Fundamental analysis is a lot more work, but therein lies its appeal. Crowd psychology can be a powerful yet fickle force in the markets. As a technician, you've got to stay constantly alert or risk getting trampled under feet when the herd reverses direction, as it has lately.

Diving in up to your elbows in the guts of some company to diagnose its prospects, on the other hand, takes the kind of surgical skill and diligence that many traders would just as soon bypass on their way to the rush of more instant chiropractic gratification. As a fundamentalist, however, when you finally do buy a stock that represents a good value, you largely insulate yourself from the day-to-day whimsy of human impulse in favor of longer-term results.

The intrinsic value approach to the markets is based on a couple of big assumptions. The first is that the intrinsic value of an asset can differ from its market price. Purists of the "efficient market hypothesis" find this concept ridiculous. They feel that market price is the

only

reflection of true value for an asset and reflects all information available about its future prospects at any point in time.

Detractors say the efficiency theory might hold in an ideal laboratory setting. But go out in the real world and things get a little sticky. Information flows get delayed, altered or incompletely disseminated. And more importantly, human beings act on their personal, often illogical, perceptions about the world around them. How else can you explain events like Holland's classic 17th century tulip fiasco where citizens delirious with speculative fever bid prices for single bulbs up to an equivalent of $40,000 today? Or, more recently, the

Netscape

(NSCP)

IPO where traders paid $70 per share or more for a company that has barely showed positive income to this day?

Assuming you accept the notion of intrinsic value, the second big assumption of fundamental analysis is that, even though things get out of whack from time to time, the market price of an asset will gravitate toward its true value eventually. Again, probably a safe bet considering the long upward march of quality stocks in general despite regular setbacks and periods of irrational exuberance. The key strategy for the fundamentalist is to buy when prices are at or below this intrinsic value and sell when they get overpriced.
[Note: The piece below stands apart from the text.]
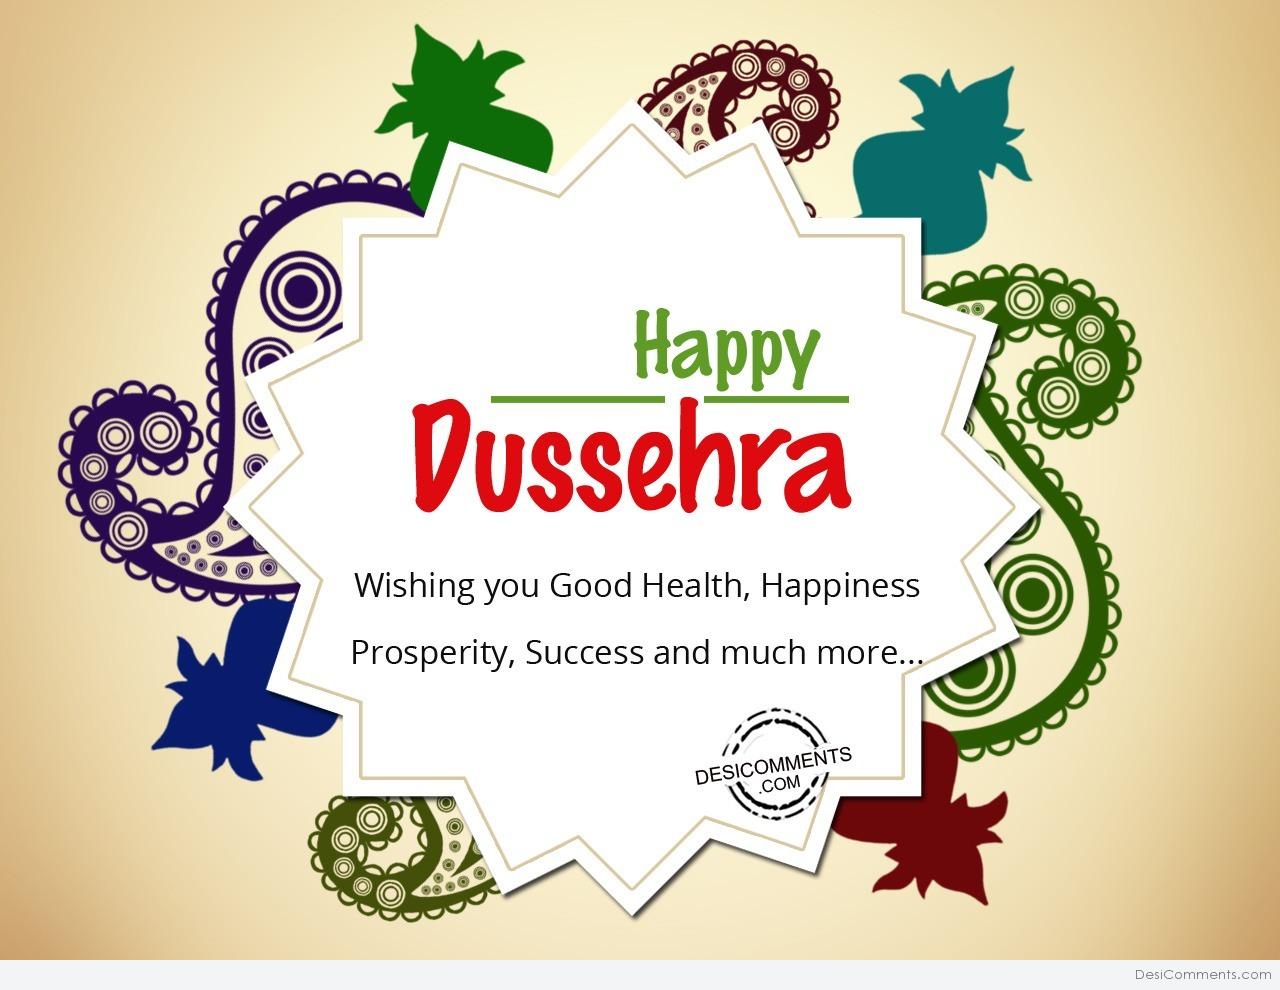 Wishing you good health….Happy Dussehra - DesiComments.com

Figuring out the fair value of a company is the tough part. There are no magic formulas, and a complete understanding of the entire process could take an entire career to develop (and for some analysts, it seems that two lifetimes wouldn't be enough). For the beginning investor not inclined to do fundamental research, it pays to rely heavily on professional sources like

Value Line

,

S&P

stock reports (www.personalwealth.com), and research reports from a broker to get a good fundamental picture of a given company. Why go it alone when there are drones out there who've already done much of the work for you?

That said, there's still a lot that the individual investor can learn about the fundamental process in terms of understanding an analyst's methodology, terminology, and key indicators, that can make you a more confident consumer of financial information and hopefully a better investor to boot. We're tackling some of these issues and presenting them to you in a form that should help increase your investing skills.

In part two, we take a look at reading balance sheets: where to find them, what they mean, and what key figures you should look at when analyzing a company. Then, in our third installment, we cover the basics of income statement analysis. In the fourth segment, we pull it all together, and review some good sources for extra reading.

Finally, we wrap the series up with an ongoing Q&A to address any specific reader questions. While we can't give you an MBA's worth of financial analysis, we can go a long way toward removing some of the mystery surrounding the process.